Prompt
Line by line, restate the material word for word, omitting any image.

Data extract
== == ==

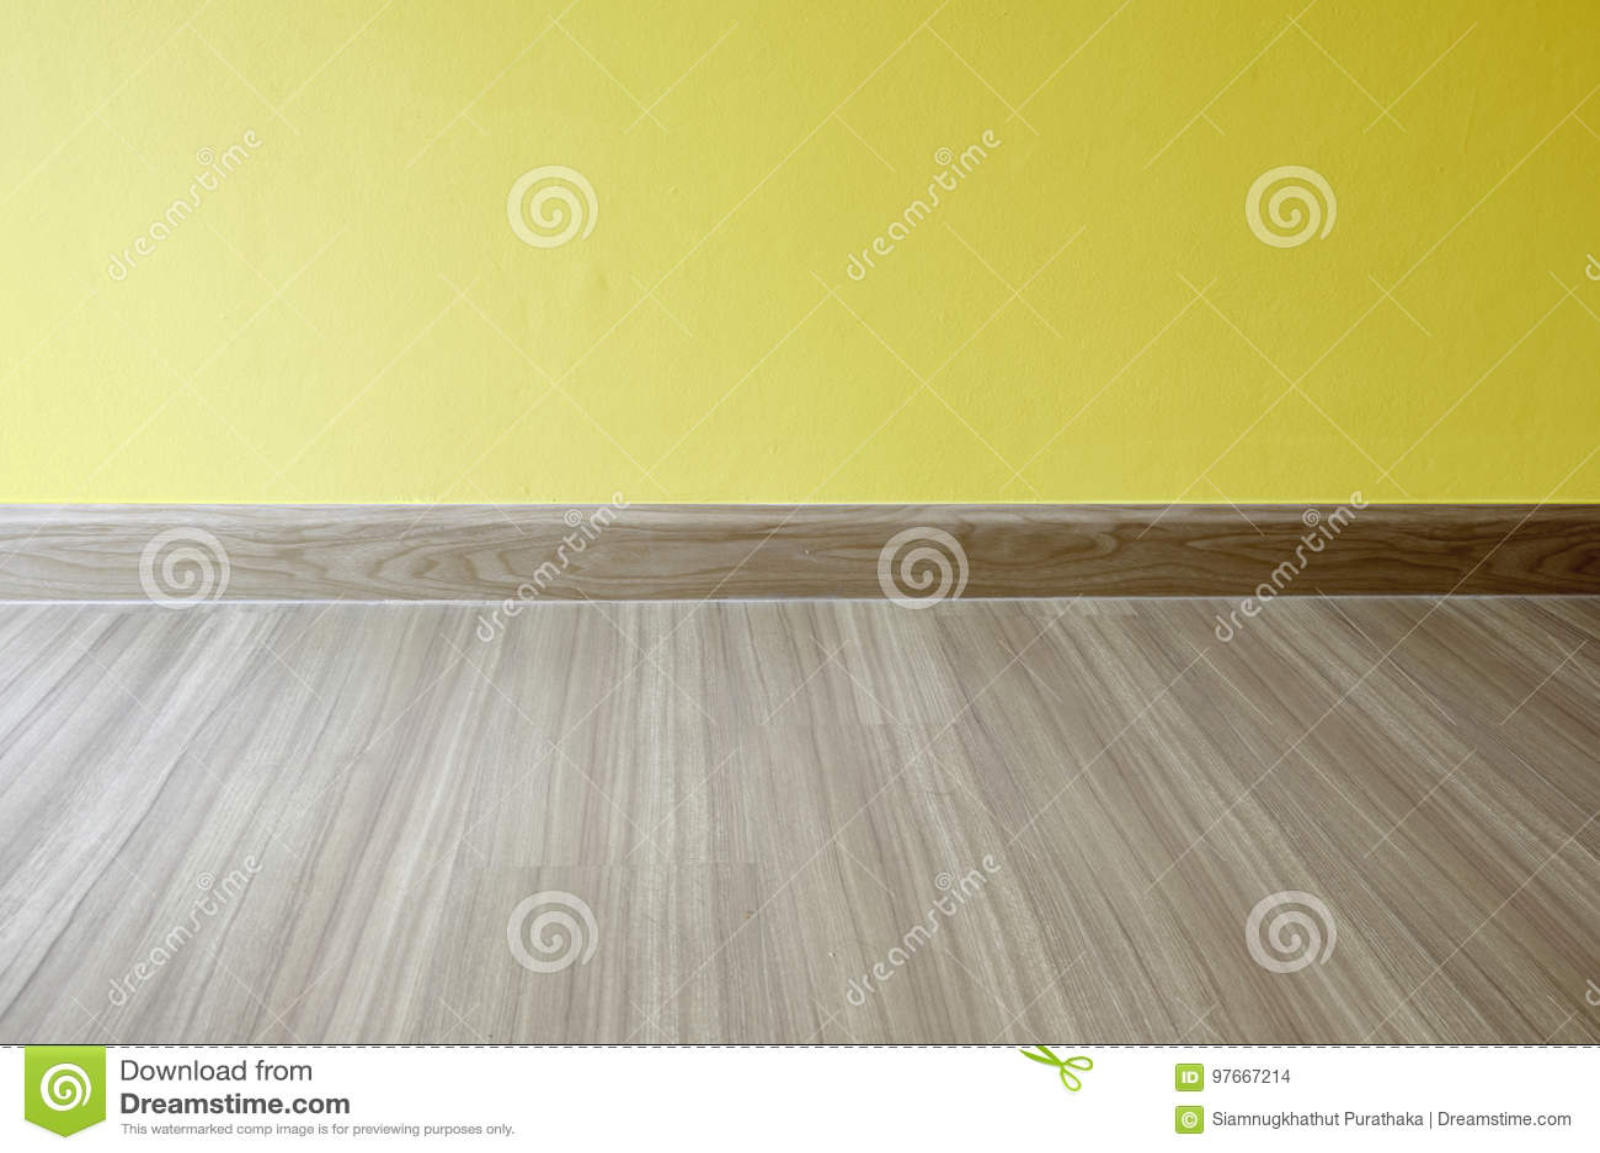 Laminaat Of Vinyl : Lege ruimte met eiken hout gelamineerde bevloering en onlangs
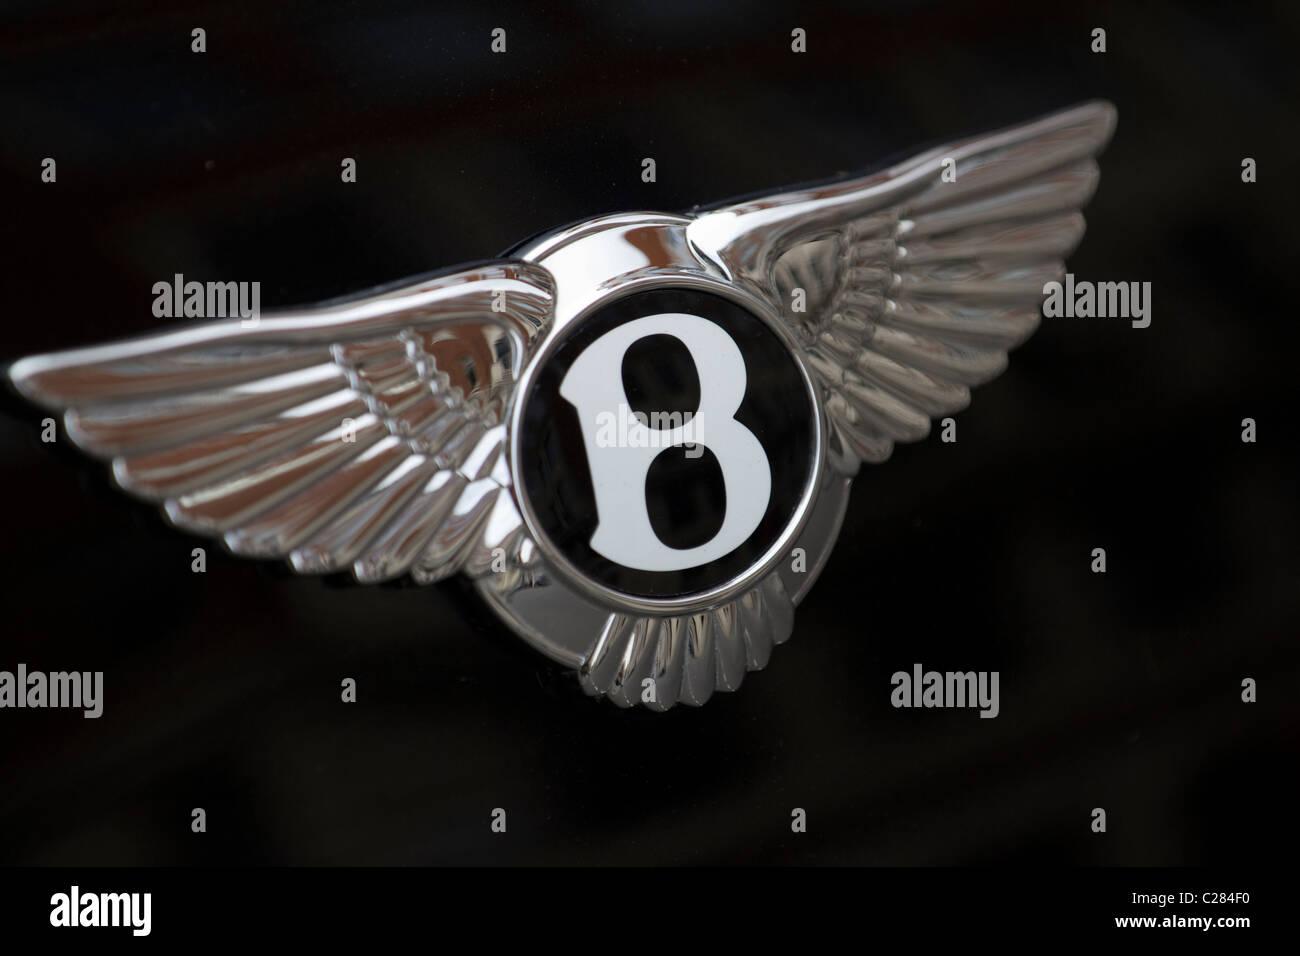 Bentley car badge - Stock Image
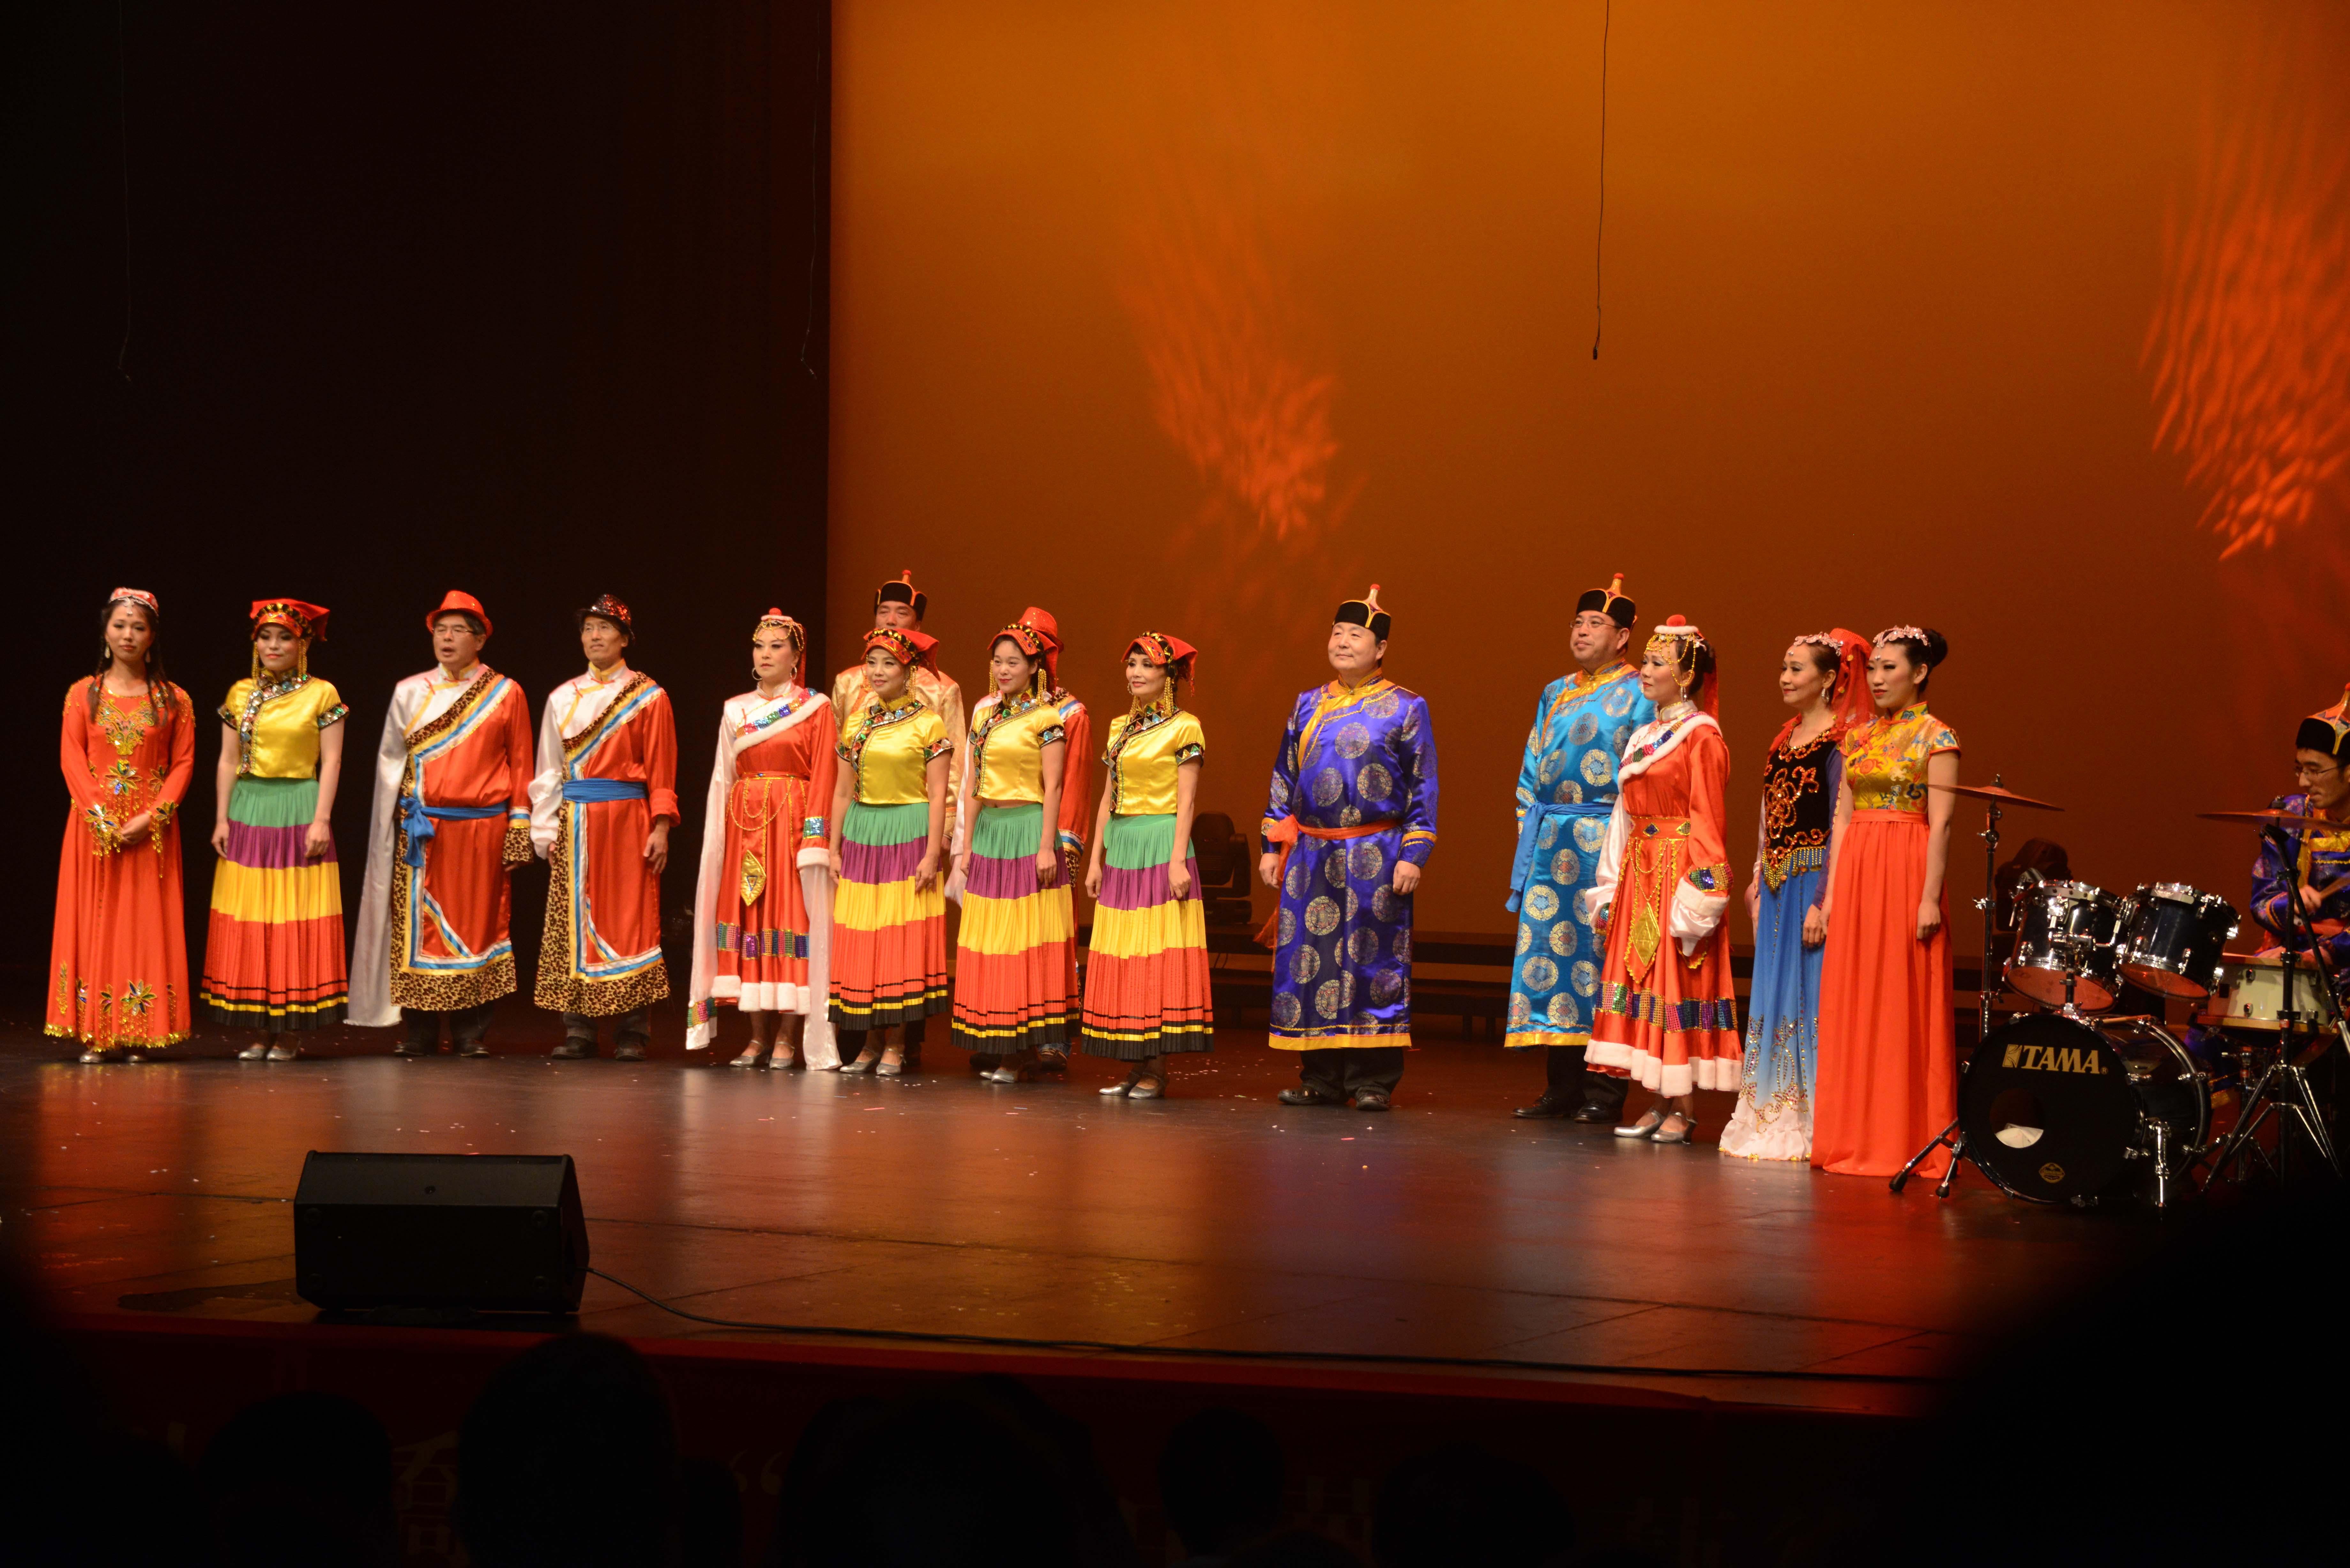 2014 September 18th Performance Image 483

== == ==

Task response
 Laminaat Of Vinyl : Lege ruimte met eiken hout gelamineerde bevloering en onlangs
 Bentley car badge - Stock Image
 2014 September 18th Performance Image 483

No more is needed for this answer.